Duplicate Finder
Duplicate finder is a tool for discovering and tracking near and exact duplicates in documents. This tool is a part of DocLine project.
Quick Guide
Document Preparation
If you have a software document for duplicate search you should convert it to plain text
and wrap into two XML tags before (see Examples). For many document formats
you can do this using Pandoc utility and wrap-into-xml.py
Python
script which is located in the tool source code folder.
See example command line (both Windows and UNiX) below:
pandoc -t plain MyDocument.docx | python wrap-into-xml.py >MyDocument.pxml
Reuse Map (Re)Generation, Pattern Selection, Near Duplicate Search and Analysis
To see reuse map, you can launch Duplicate Finder using its duplicate-finder.py
startup script.
You can select input document file (MyDocument.pxml
above) and adjust following options:
- minimal and maximal duplicate size (in tokens) the tool should consider;
- minimal duplicate number the tool should consider.
Roughly speaking, token stands for a word here.

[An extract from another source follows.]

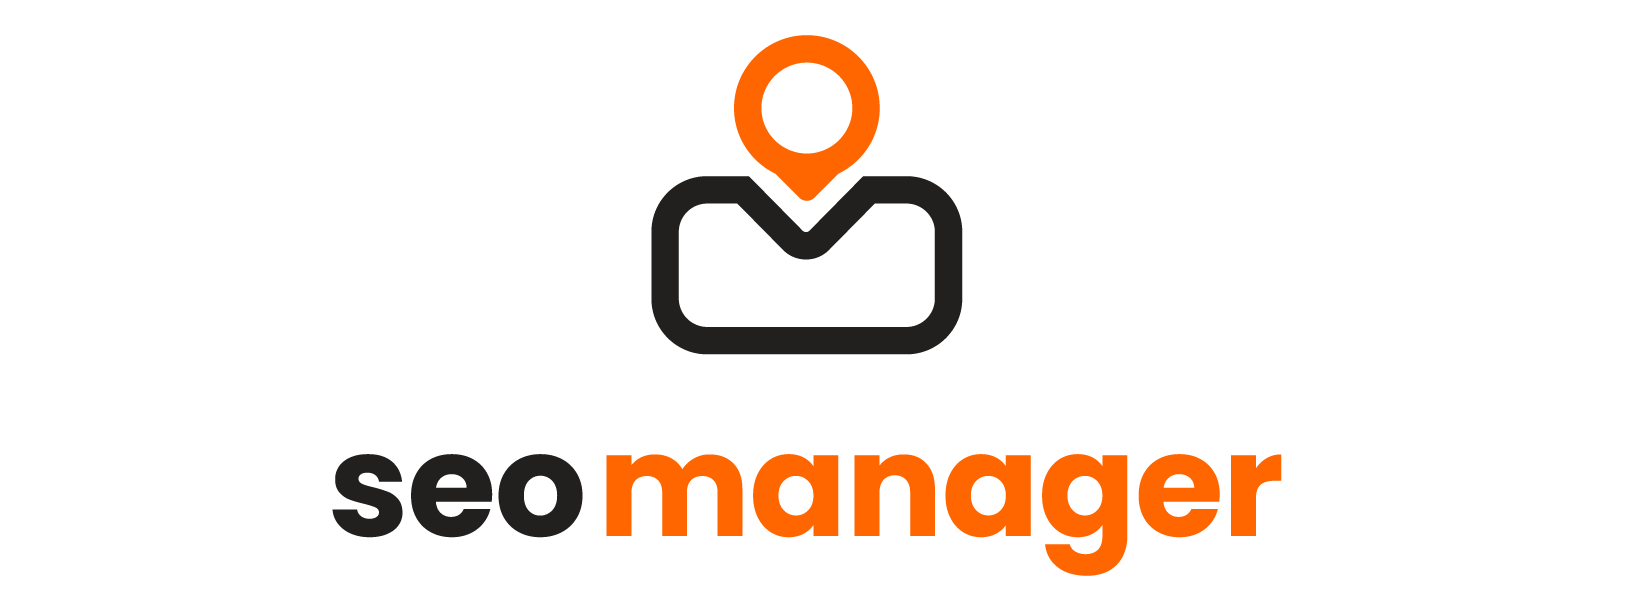 Our seo manager logo

Then you can get a visualized document reuse map in the browser (brief reuse map in the right panel and source document in the left panel). After clicking right panel, left one scrolls to the corresponding place in the source. Places colored with more saturated red color repeat more times in the document and are more interesting.
Then you can select interesting text fragment with mouse, hit any key and confirm searching for it. This text fragment is a search pattern.
Next step will search near duplicates from the document which correspond to search pattern selected. Searching can take some time on large fragments and documents. When it is complete, duplicate browser is launched. With this browser, you can select duplicates found, correct their boundaries and mark them as useful or useless ones for future analysis and then save source document with duplicates marked. To mark fragments usable or useless and to save source document, source document context menu is used.
When running the tool next time, known duplicates will not affect reuse map, so reuse map will get cleaner and cleaner.
(Near) Duplicate Report
Using a checkbox, you can select to display already marked duplicates instead of building reuse map, and then export report with File menu if needed.
Source Code
Source code is available in Git repository,
under the tool
subfolder.
Examples
Here are examples of open source projects documentation available. Reuse maps and duplicate lists are created using Duplicate Finder toolkit.
Project | Document | Source (plain text) | Clean reuse map | Reuse map with duplicates marked | (Near) Duplicates |
---|---|---|---|---|---|
GIMP | User Manual | Download, 1574K | Browse | Browse | Browse 17 groups |
Python Requests | API Reference | Download, 36K | Browse | Browse | Browse 11 groups |
System Requirements
Python
- Python 3.4.x
- PyQt5 5.5.x
- LXML
- Python-Levenshtein — the most tricky install:
- On Windows, update Pip:
python -m pip install --upgrade pip
- Download either
python_Levenshtein-0.12.0-cp34-cp34m-win32.whl
orpython_Levenshtein-0.12.0-cp34-cp34m-win_amd64.whl
, which fits your Python pip install <your_package>.whl
- On Windows, update Pip:
- PyContracts, pygments, NumPy, intervaltree, bottle —
pip install PyContracts pygments NumPy intervaltree bottle
Package versions – most recent ones compatible with Python 3.4.
Note: newer PyQt and Python can also be used in case your distribution contains QtWebkit
as in PyQt 5.5.x
Operating System
x86
orx86_64
architecture PC to run Clone Miner, Windows or UN*X- on UN*Xes:
Recent publications
- D. V. Luciv, D. V. Koznov, H. A. Basit, A. N. Terekhov. On Fuzzy Repetitions Detection in Documentation Reuse. In Programming and Computer Software, 2016, Vol. 42, No. 4, pp. 216–224.
- D. Koznov, D. Luciv, H. Basit, O. Lieh, M. Smirnov. Clone Detection in Reuse of Software Technical Documentation. In Lecture Notes in Computer Science, Vol. 9609, 2016, pp. 170-185 (10th International Andrei Ershov Informatics Conference on Perspectives of System Informatics, PSI 2015)
License
Sources with PyQt mentioned are licensed under GPL v3. Documentation in tests folder is licensed under the terms of its initial sources licenses. Everything other is licensed under LGPL v3.